This series demonstrates how a political economy lens helps to make sense of such phenomena by situating them in everyday, lived experience, pushing the discipline into underexplored conceptual spaces.

To begin this series, Nina Lotze lays out the reality of queer lives under capitalism, how modern LGBT+ movements have been co-opted by corporations in mainstream discourse, and how it obscures the urgent everyday issues of queer people. Nina unravels the confluence of politics, queer issues, corporations, and consumers that shape contemporary queer identities. The blog explores how queer people’s interaction with politics and the economy follows a longer lineage of the successful Western LGBT+ rights movements, AIDS activism, and the fight for marriage equality that preceded it.

The second blog by Winnie Lam and Kara Ng explores whether it is possible to be a truly sustainable and ethical consumer, providing tips to navigate the growing trend of conscious consumerism. Winnie and Kara delve into the idea of consumption as a political choice to address the issues of over-consumption, pollution, labour exploitation and dignity at work. Contrary to the rise of fast fashion amongst consumers, the blog develops the idea of how buying second-hand or from ethical brands raises the prospect of ‘slow fashion’ serving as a potential solution.

In the third contribution, Guy Cowman-Sharpe details how the advent of live streaming has transformed the ways in which media is both produced and consumed. The blog outlines how Twitch has blurred the distinction between labour and leisure time, as live streaming is central to the emerging gig economy. Guy shows how new forms of media alter our relationship with the economy, give rise to the notions of a ‘hustle culture’ and a ‘grindset’ mentality to provide hope for many that one day they may gain future financial independence.    

Next, in the fourth contribution, Remi Edwards and James Jackson propose that the political economy of veganism may be conceptualised as falling into two ‘catches’, namely a Catch-22 in which veganism inevitably encounters pitfalls under capitalist conditions and a Catch-23 where the attempts to make a more sustainable equitable society simply becomes a new market for industry incumbents. Through this conceptualisation, the blog advances a critique of the capitalist interpretation of veganism and outlines how an alternative political framework might look.

The fifth blog by George Asiamah asks whether the UK can still have its cake and eat it in a post-Brexit Agri-food sector.
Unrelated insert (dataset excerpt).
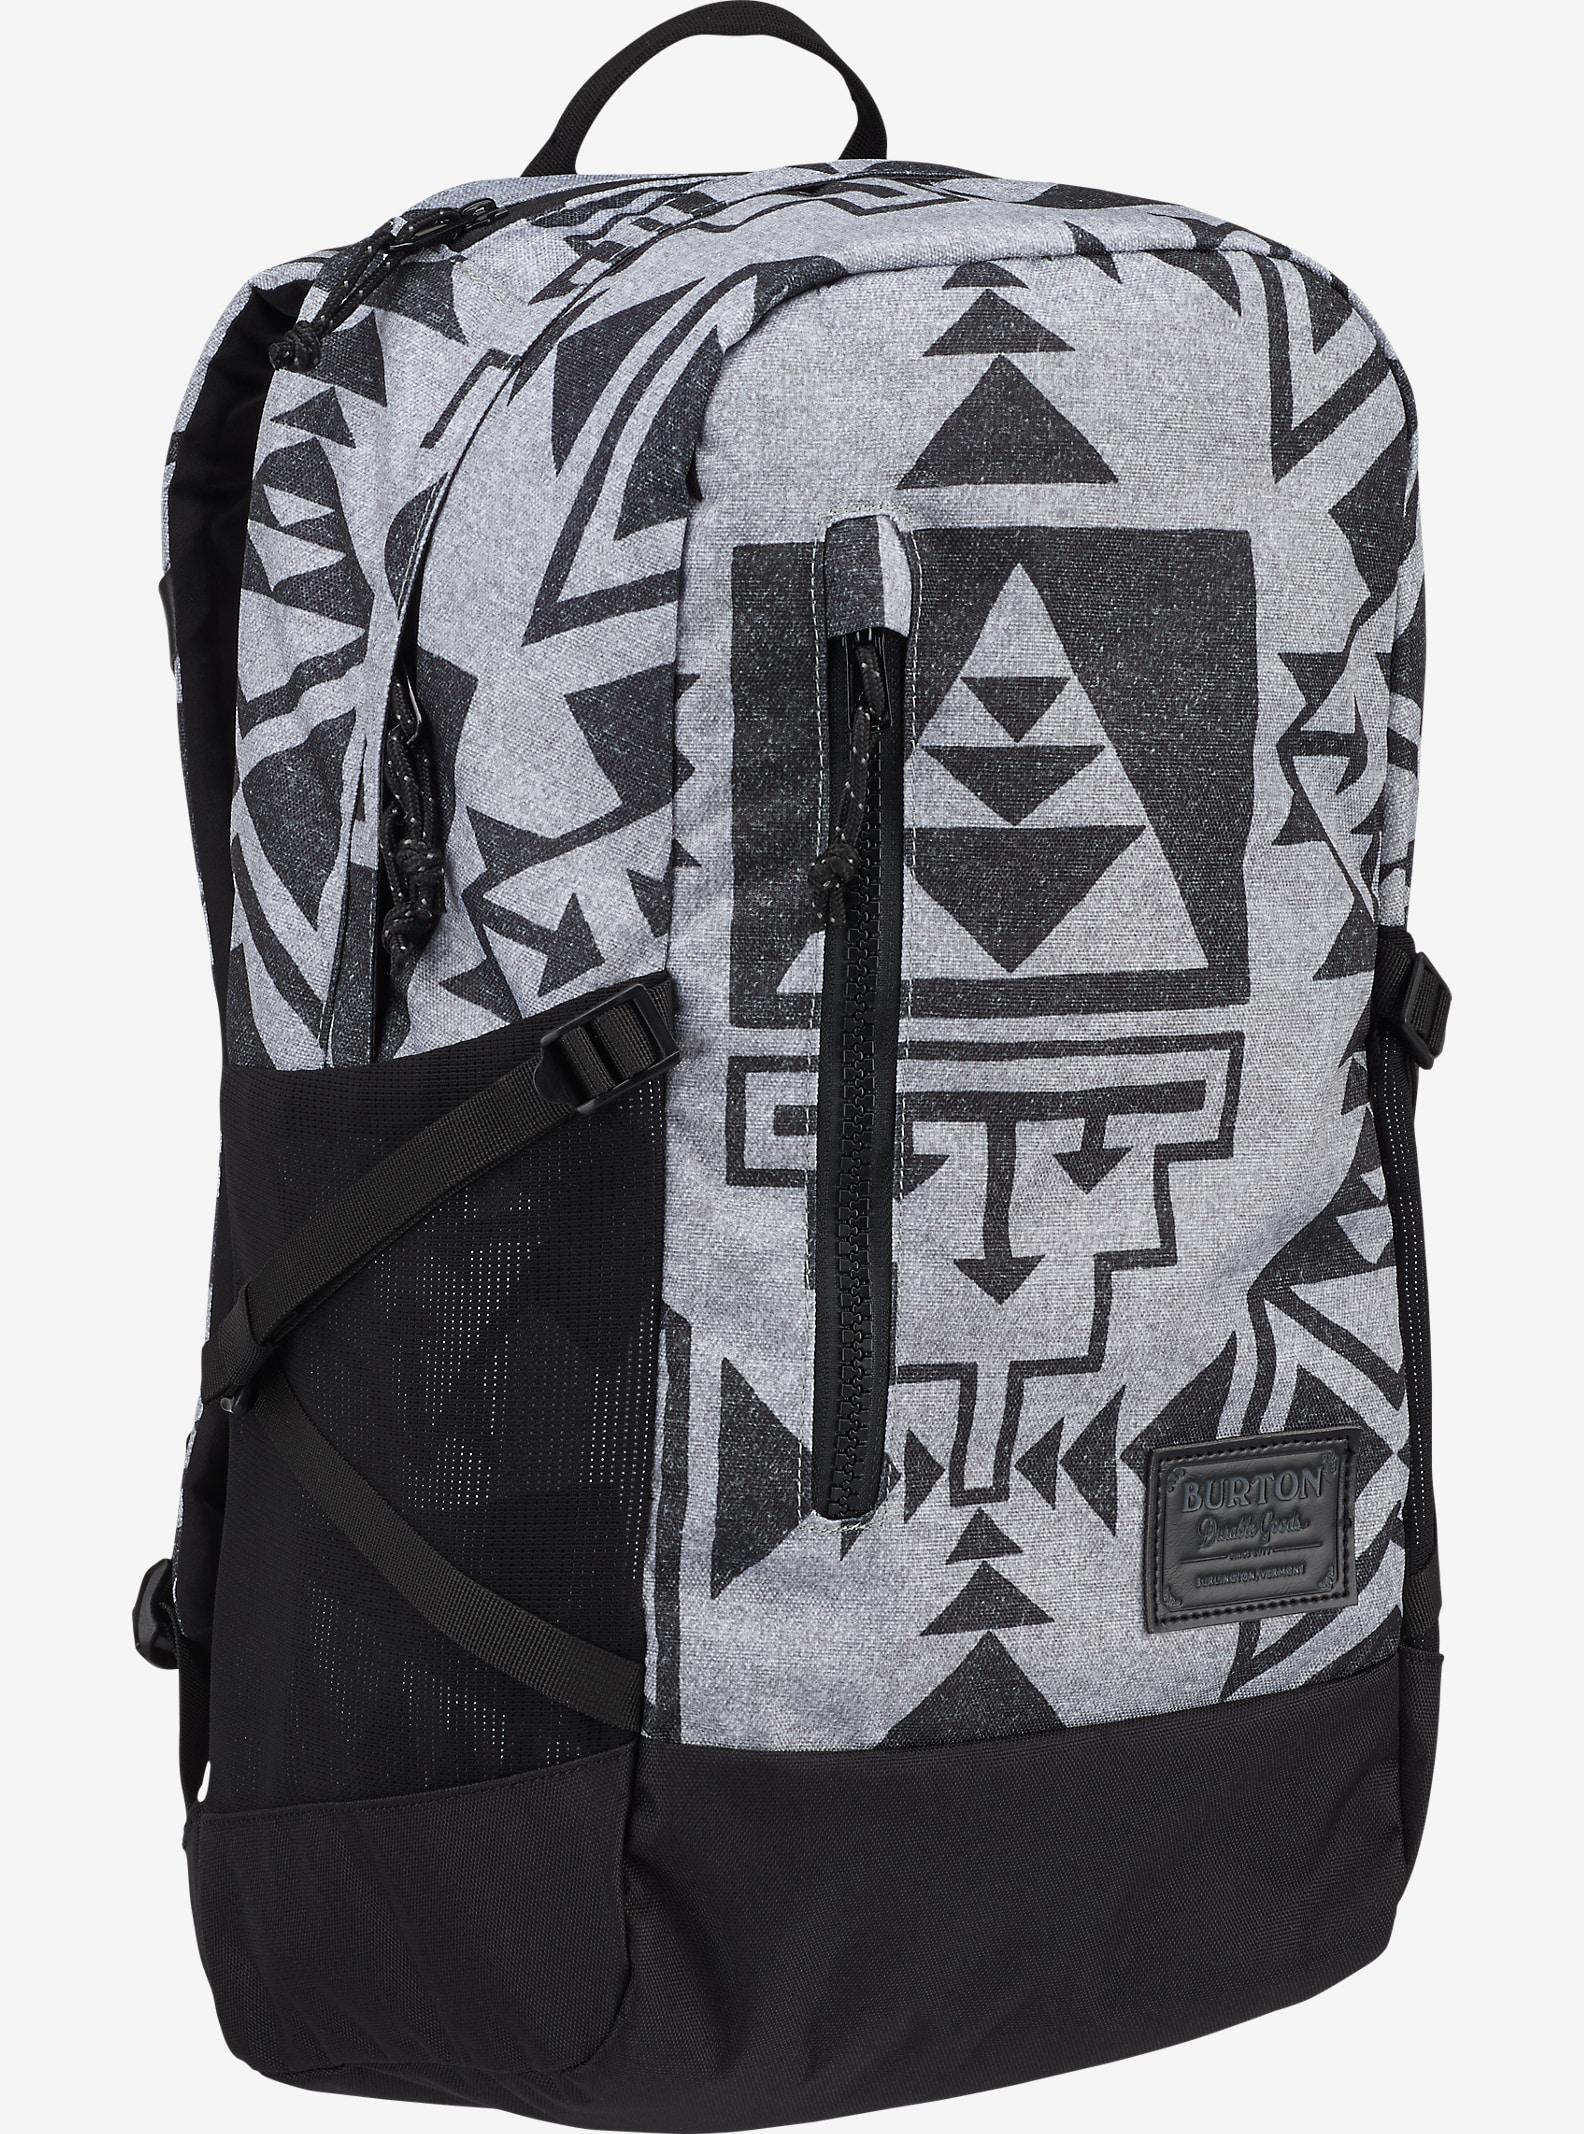 Burton Women's Prospect Backpack shown in Neu Nordic Print

Following one of the most pronounced changes to people’s everyday lives, George analyses how Brexit and the subsequent Trade and Cooperation Agreement (TCA) raises the prospect of a new regulatory regime for agri-foods in both the UK and the EU. The result is that the UK’s divergence from the EU regulatory regime may lead to cheaper products for UK producers, but it ultimately instigates a ‘race to the bottom’ on food standards for UK consumers.
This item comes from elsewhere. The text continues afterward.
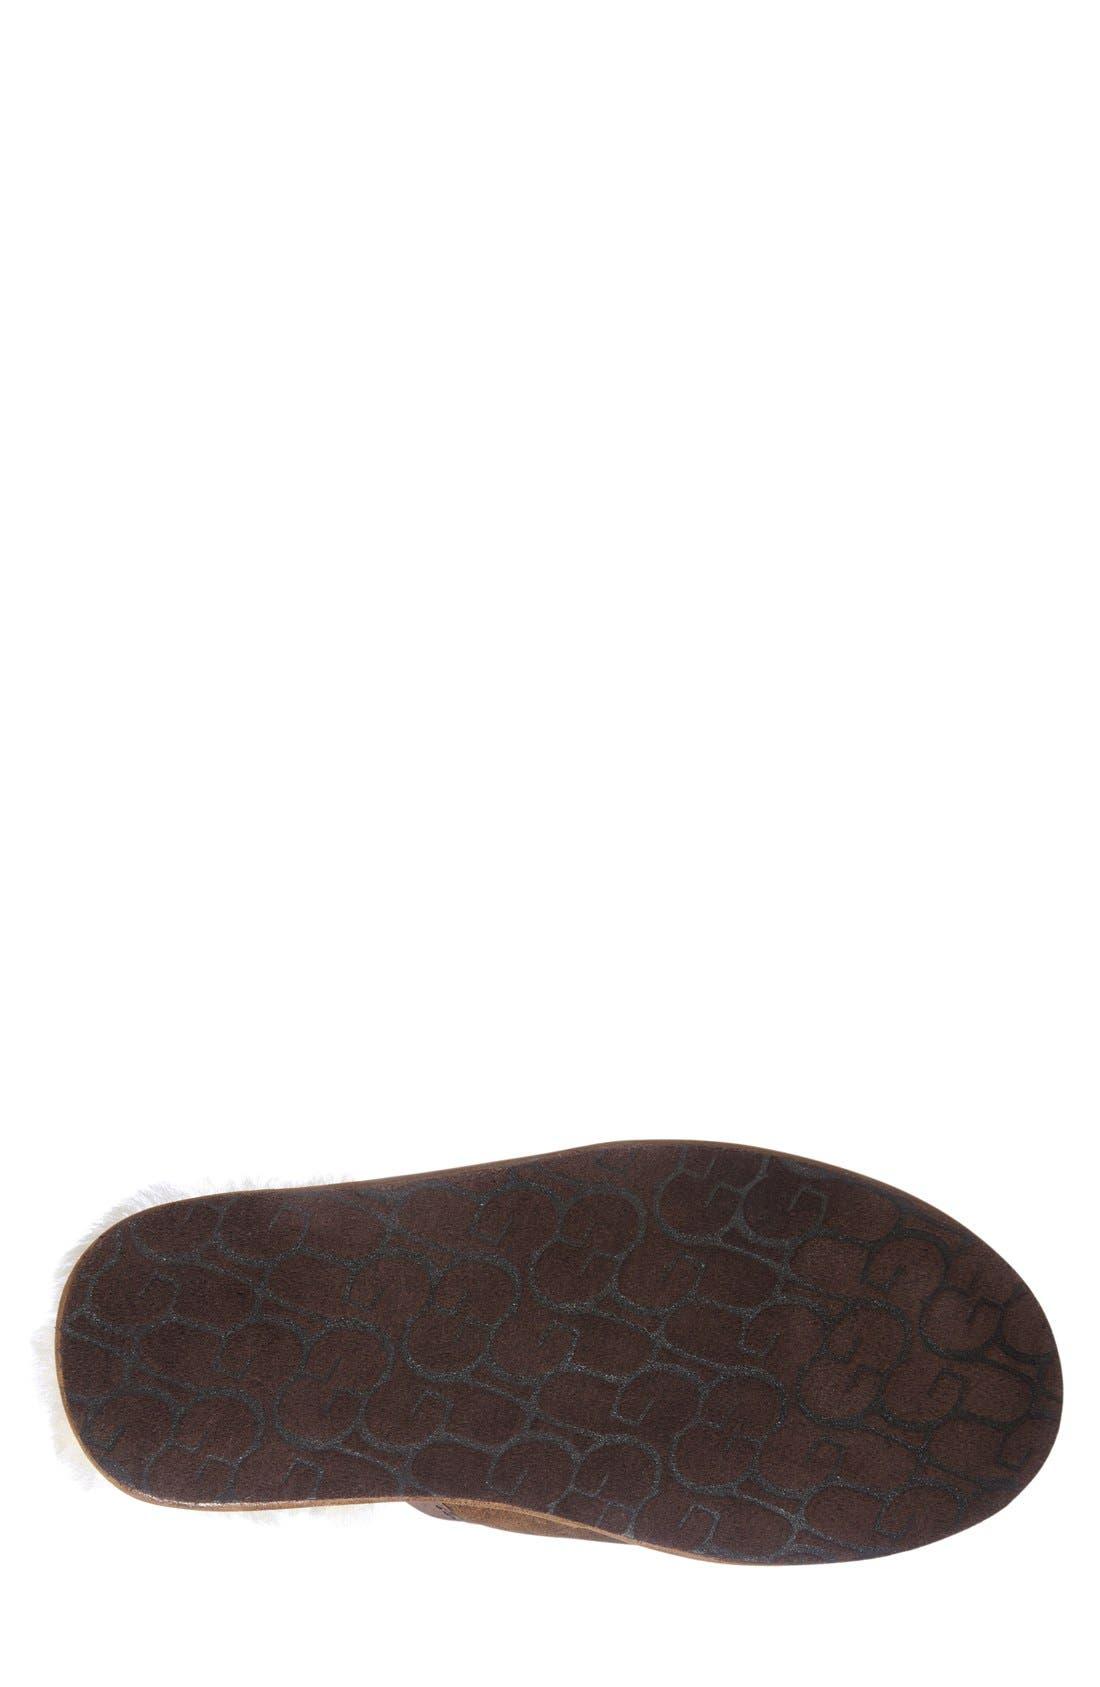 Alternate Image 4  - UGG® Scuff - Deco Genuine Shearling Slipper (Men)

The sixth blog is by Nerea Amisi Okong’o, who employs a feminist perspective to reveal how despite the attempts by black African women to create an environment in which they may be considered equals in the workplace, their lived experiences reveal they are not equal enough. With the leadership positions of extractive industries inhabited by men, Nerea recounts how black African women occupy a role in elite spaces that is ultimately tokenistic, characterised by precarity with little opportunity to grow. 
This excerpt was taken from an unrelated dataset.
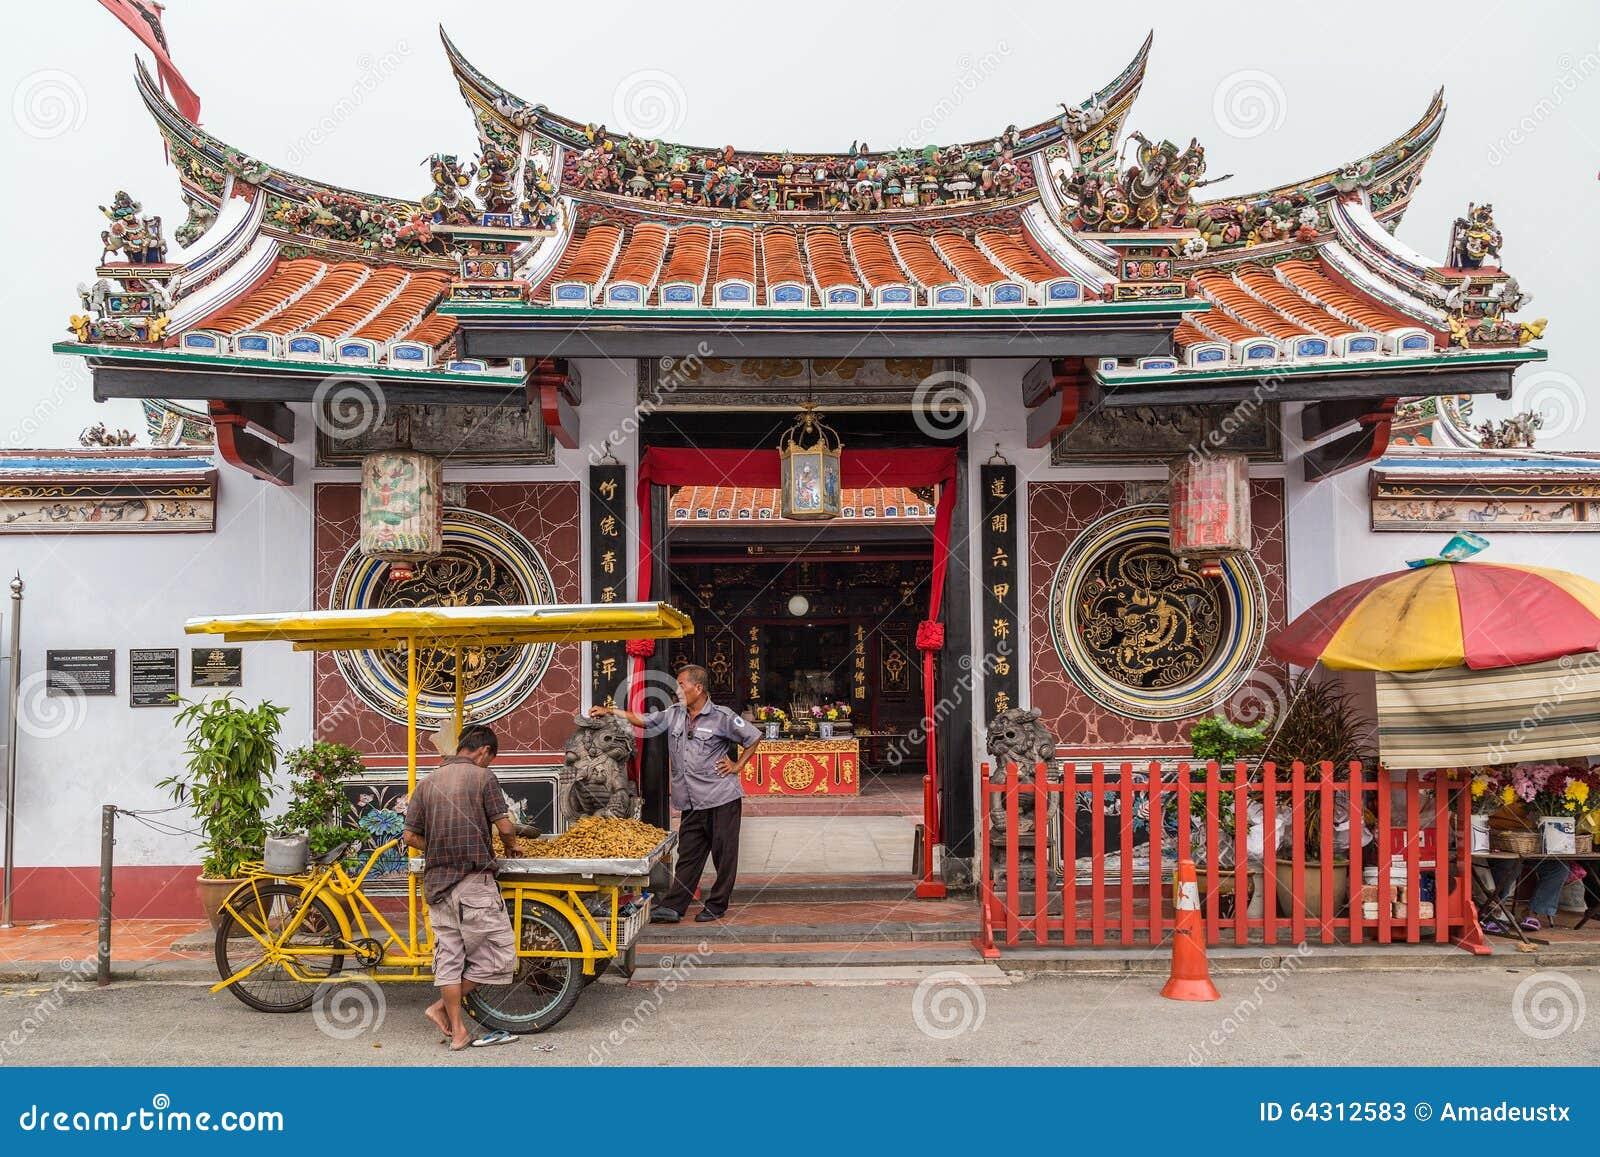 Georgetown, Penang/Malesia - circa ottobre 2015: Tempio buddista cinese di Cheng Hoon Teng a Georgetown, Penang, Malesia

In the final blog, Georgette Fernandez Laris outlines how perhaps the most fundamental resource in our everyday lives, money, is the subject of a battle between public and private actors over the future of digital currencies. Focusing on Facebook’s (or Meta’s) plans to launch their own digital currency in the Diem, Georgette unpicks how such endeavours are motivated by ambitions to monetise our privacy. The blog thus calls into question what actions central banks have taken to wrestle the power of money away from private interests.